Adversarial Attacks on Deep Neural Networks
ConferencesModelingConferencesNeural Networksodsc eastposted by Elizabeth Wallace, ODSC June 11, 2019 Elizabeth Wallace, ODSC

Our deep neural networks are powerful machines, but what we don’t understand can hurt us. As sophisticated as they are, they’re highly vulnerable to small attacks that can radically change their outputs. As we go deeper into the capabilities of our networks, we must examine how these networks really work to build more robust security.
At ODSC East 2019, Sihem Romdhani of Veeva Systems outlined how these networks are still highly vulnerable despite their power and how it’s precisely their mysterious operations that makes it so challenging to build safer networks. We can’t continue to rush towards bigger, deeper models without sufficient security or we will pay the price.
What is an Adversarial Attack?
Humans are great at filtering out noise and perturbations. However, deep neural networks are extremely literal, and it still takes very little noise to fool a trained network. While we may agree that two pictures are indeed pigs, a small amount of noise imperceptible to our eye could cause the computer to believe that one is a pig and one is an airliner.
The most common type of neural network is a convolutional neural network. It uses connected layers to create a classification through training. We can manipulate images by using our knowledge of the training model and the purpose of the attack. A targeted attack, for example, manipulates the input images to change the classifier. The input can be used to cause the machine to see what the attacker wants. In some cases, it’s possible to accomplish this by changing only one pixel.
These attacks aren’t noise. Noise is random or uncontrolled interference. Hackers can control perturbations so that they aren’t detectable to standard noise filters. This is what makes these attacks so dangerous.
[Related article: The Importance of Explainable AI]
3D Images Are Also Vulnerable
Some claim that this isn’t a problem with 3D object recognition, but can we really secure the model? No, unfortunately. A recent experiment showed that even a 3D printed turtle could be predicted as a rifle by changing only a few things.
Most of the attacks had access to the model parameters, so could hiding those make these models safer? Again, no.
Black box attacks can fool deep neural networks even when the parameters of the training data are hidden. By observing the output, you can still fool those deep neural networks. Even more worrying, adversarial attacks can often transfer across models as long as those models are trained for the same action.
The substitute model technique is one example of this. You can generate your input data and query your black box model and train your substitute model. Once you’ve trained the substitute model, you can generate adversarial attacks by adding small perturbation inputs because the substitute model approximates the decision boundary of your unknown target black box model.
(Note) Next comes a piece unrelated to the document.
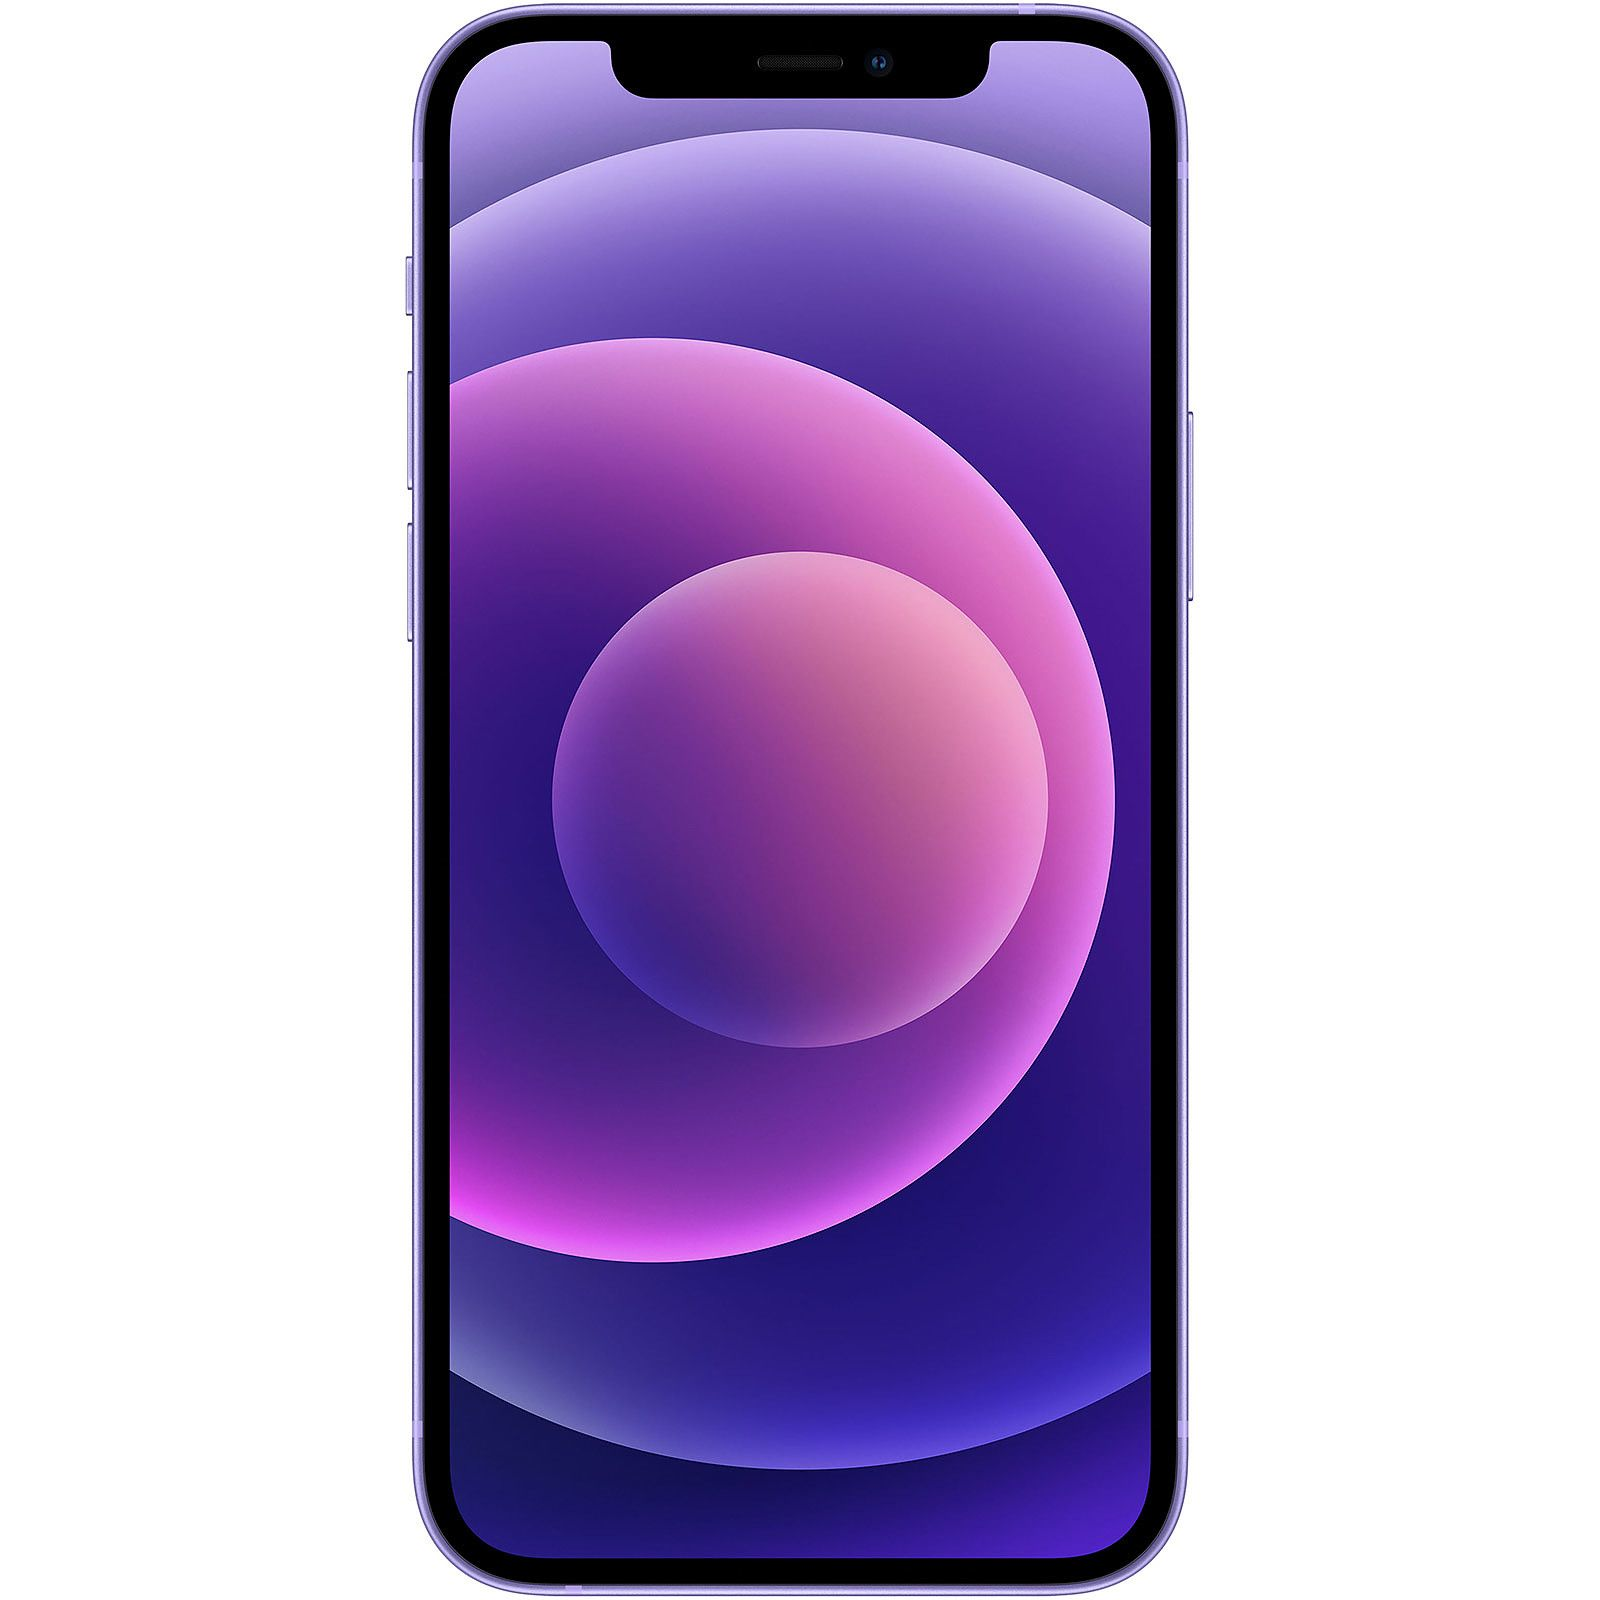 REFURBISHED violett 64 APPLE GB 12 (*) GB 64 iPhone

Other Adversarial Attacks Beyond Image Data
Voice and text data is more difficult, but not impossible. In speech recognition, for example, you can add a small noise that approximates a perturbation in image data. It causes a wrong prediction or a prediction specifically desired by the attacker. If you have a device like Alexa, an attacker could possibly have full access to your system by merely listening to music at your home.
Natural language understanding is also at risk. In sentiment analysis, it’s possible to change a few characters, sometimes even one character, and flip the sentiment from positive to negative. You could launch an attack on a business or organization simply through altering the analysis of posts.
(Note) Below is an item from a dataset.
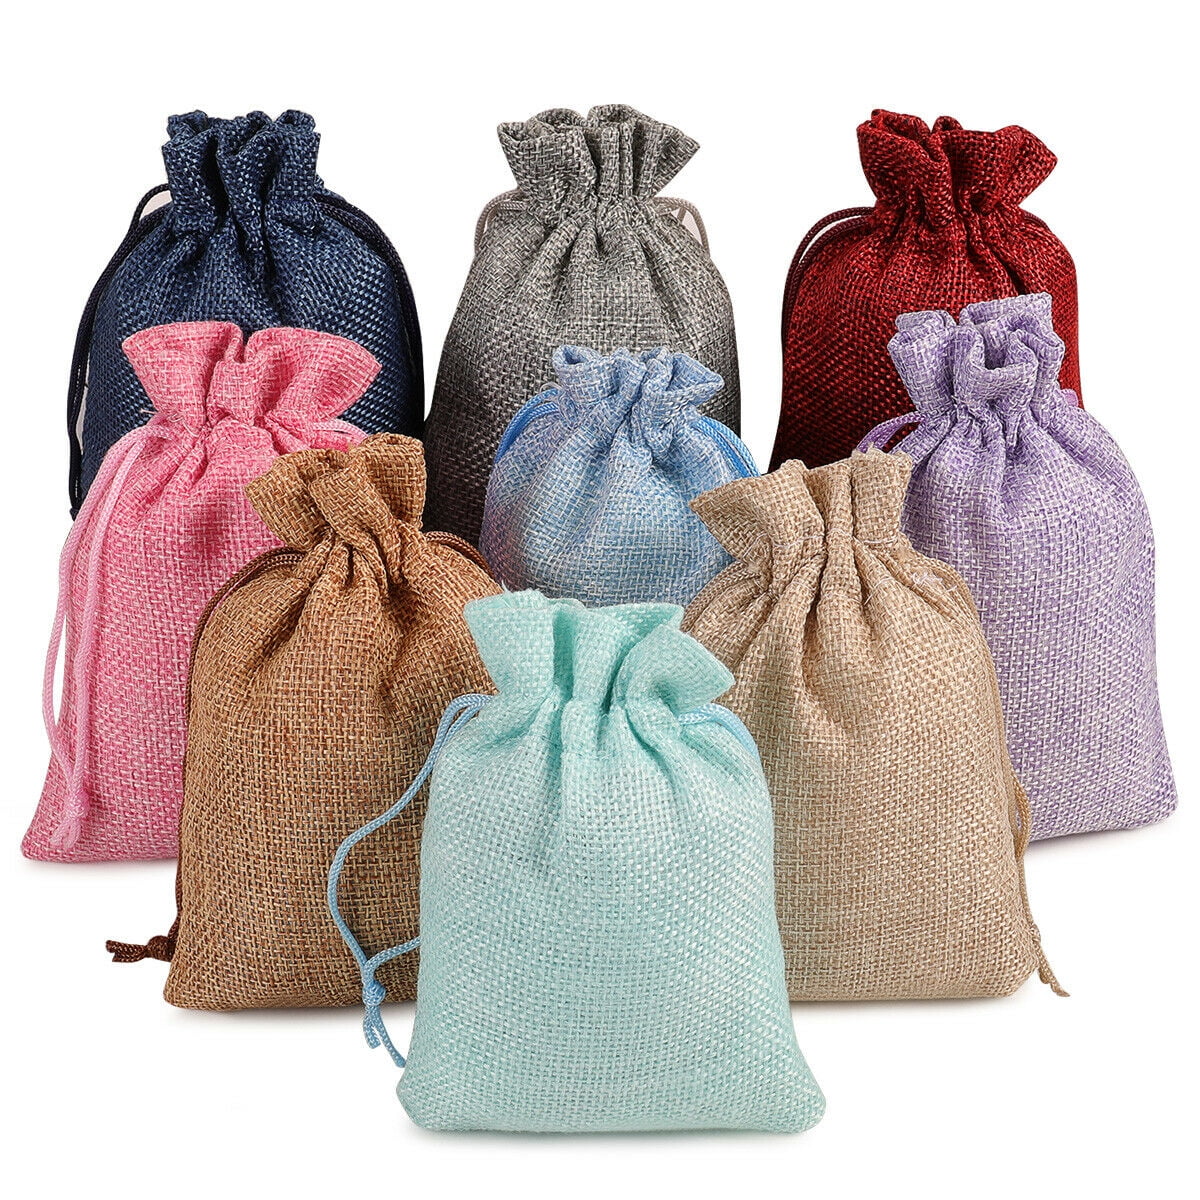 50pcs Wedding Burlap Jute Natural Linen Favour Candy Gift Bags Drawstring Pouch 
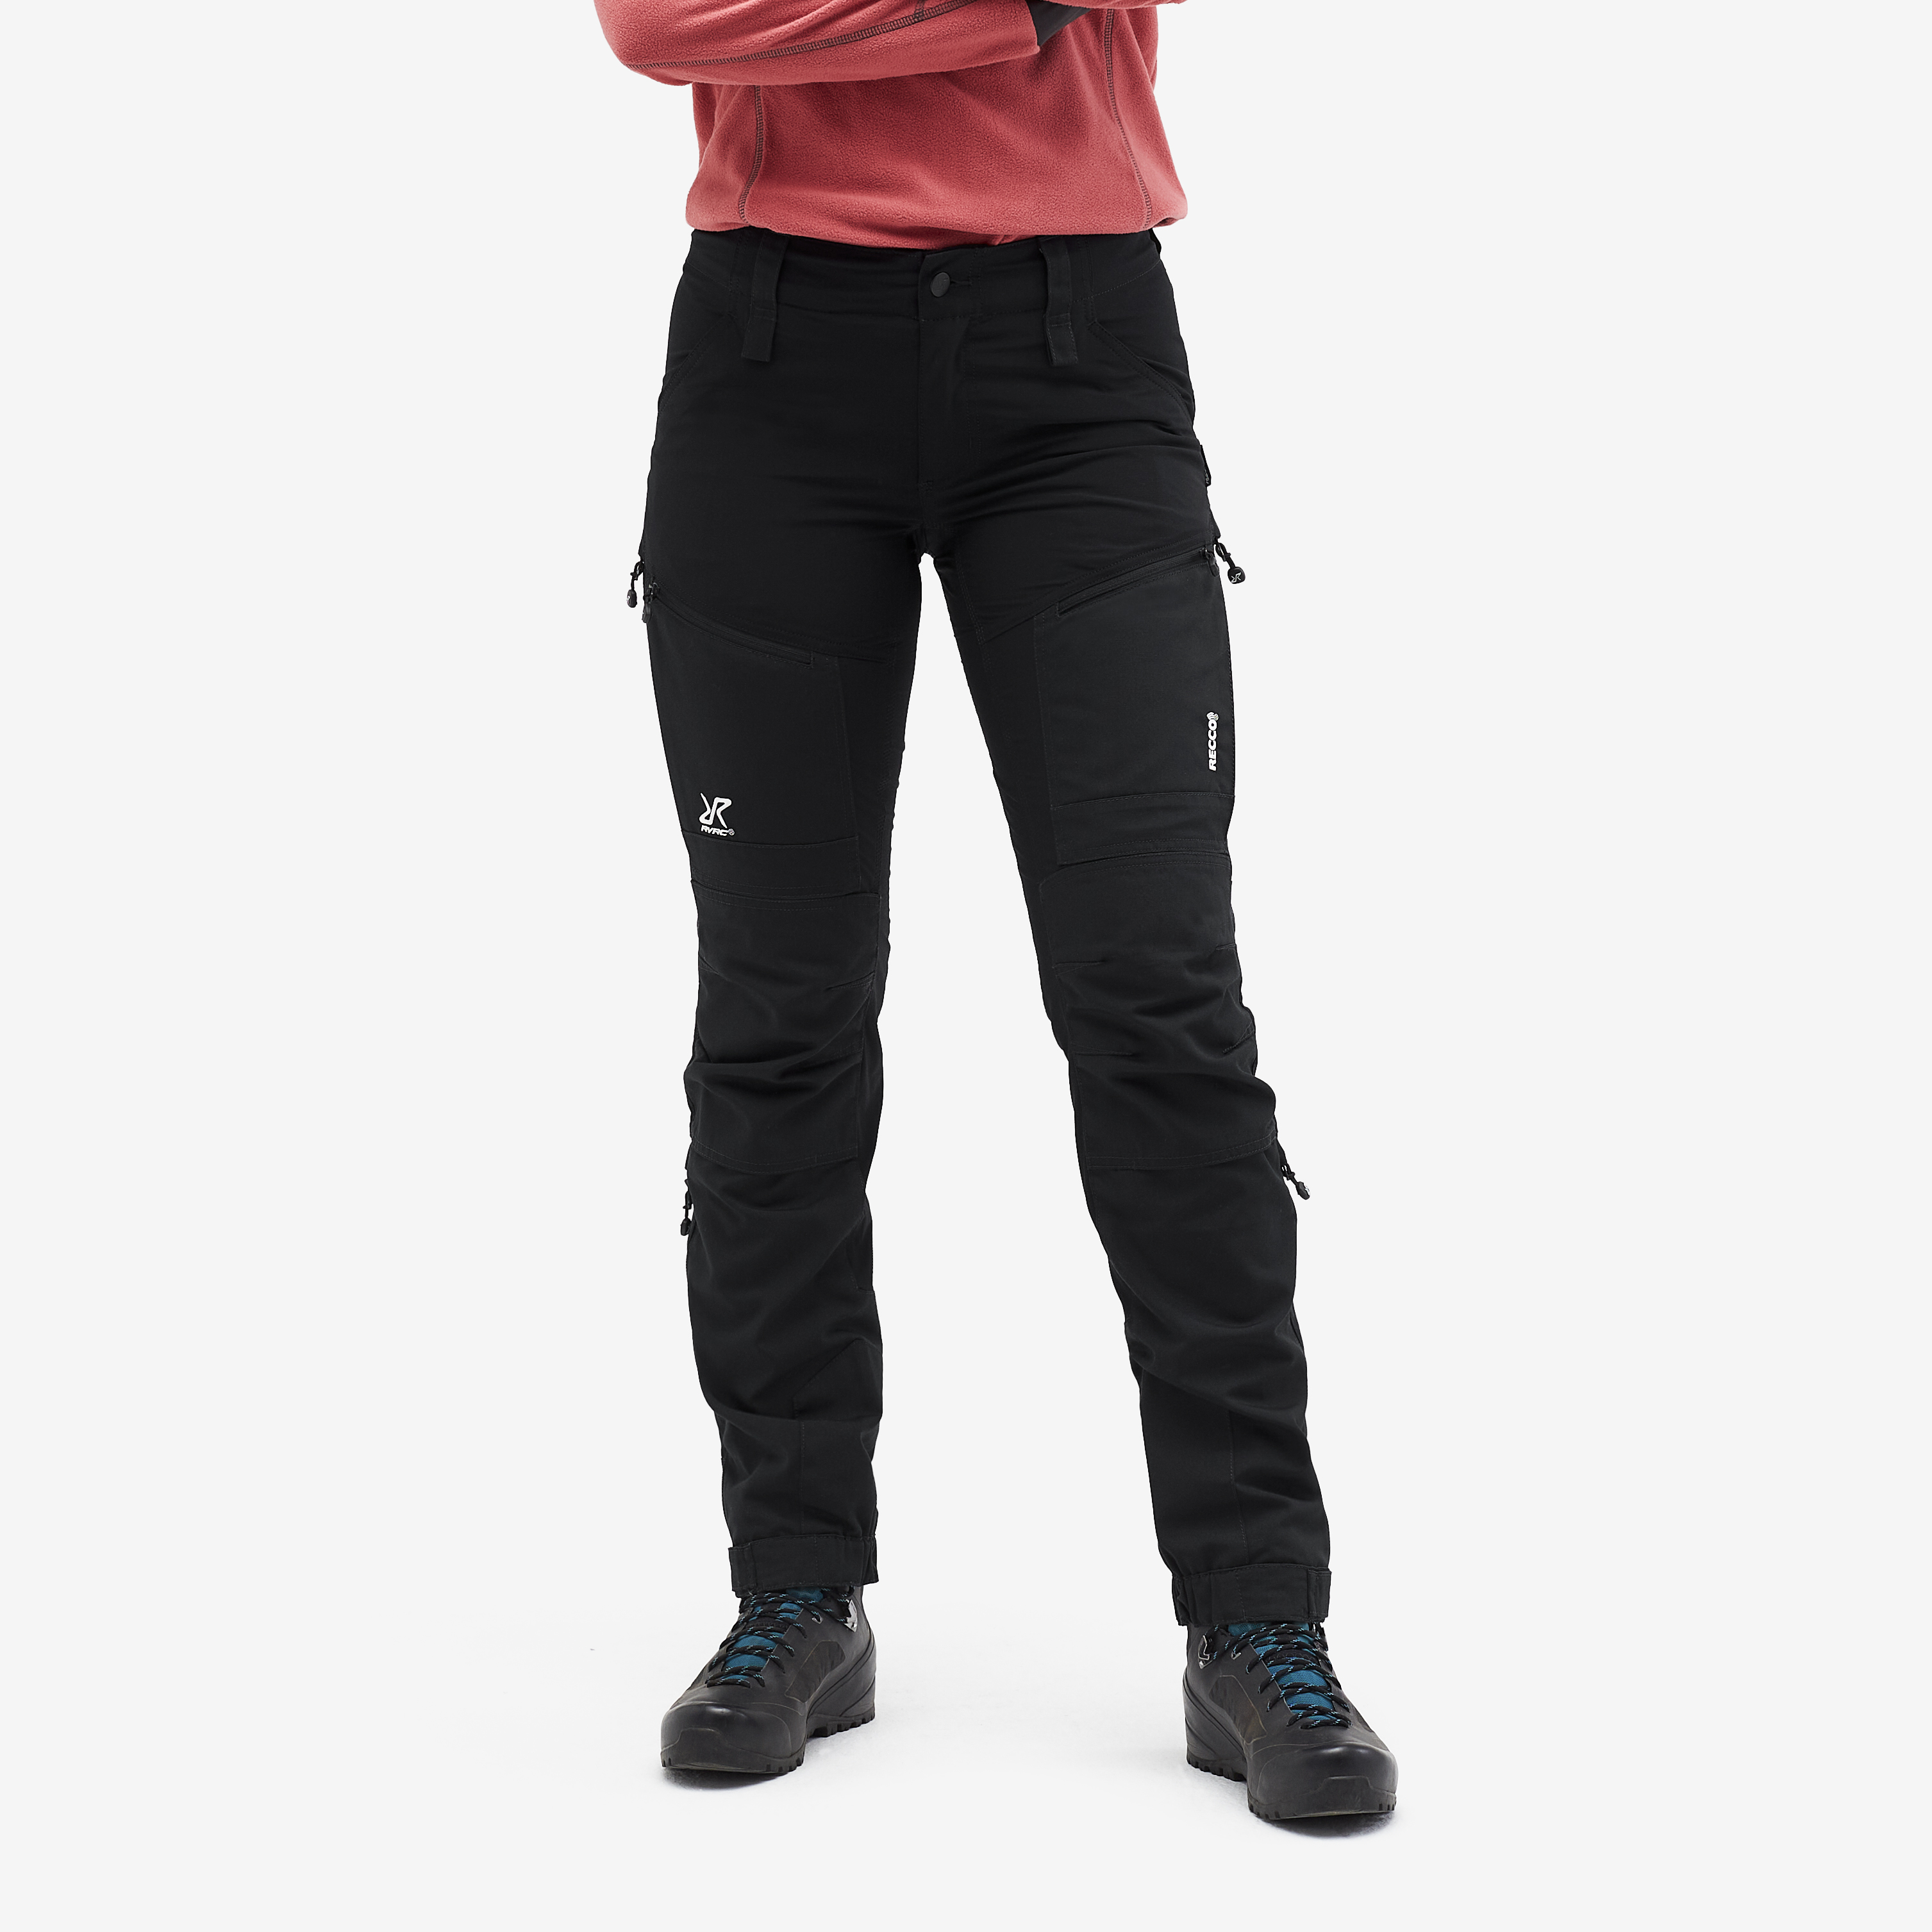 RVRC GP Pro Rescue Pants Naiset Black Edition 2.0 Koko:S – Ulkoiluhousut Vaellushousut & Retkeilyhousut

[Related article: Innovators and Regulators Collaborate on Book Tackling AI’s Black Box Problem]
Making More Robust Models
So how do we begin to make our models more robust in response to these adversarial attacks? Here are some of the steps Romdhani suggests taking to harness the full power of deep neural networks while making them more secure.
Modifying training of the model
Adversarial training has promising results for making a more robust model. At each training iteration, you use the state of your model to generate an adversarial example with the original input to alter the model training. It increases the robustness and reduces overfitting.
Modifying the network
Network distillation could also help make the network more robust. It’s also for transferring knowledge from complicated networks to smaller networks like what’s deployed in smartphones, for example. You use the knowledge of the model itself to increase security. First, train your model and the label is represented as a hot vector. Transfer the probability to increase the robustness. Use the same input but with generated probabilities.
Adding on Networks
Perturbation Rectifying Networks apply real and synthetic image perturbations to redefine how the networks themselves are trained. The query image passes through the system and the detector verifies it. If there’s a perturbation, use the output of the PRN instead of the actual image for label recognition. Then, append the extra layers to the input. We use this method mainly for detecting universal perturbations.
Moving Forward With Security
We need more open source platforms to help evaluate the networks specifically against adversarial attacks. We also need more data to test networks against perturbation types. Finally, we need to understand how these networks work. As long as they remain a black box, it can be difficult for us to identify the weakness. If we dive more deeply into how they work, we may be able to unlock how these attacks can unravel the training to alter decisions.
These are powerful networks, but we must focus our efforts onto security and reliability instead of answering questions. It’s tempting to continue to use the magic of deep neural networks to unlock our desires for bigger, better AI, but spending time understanding our creations could help us build more secure systems.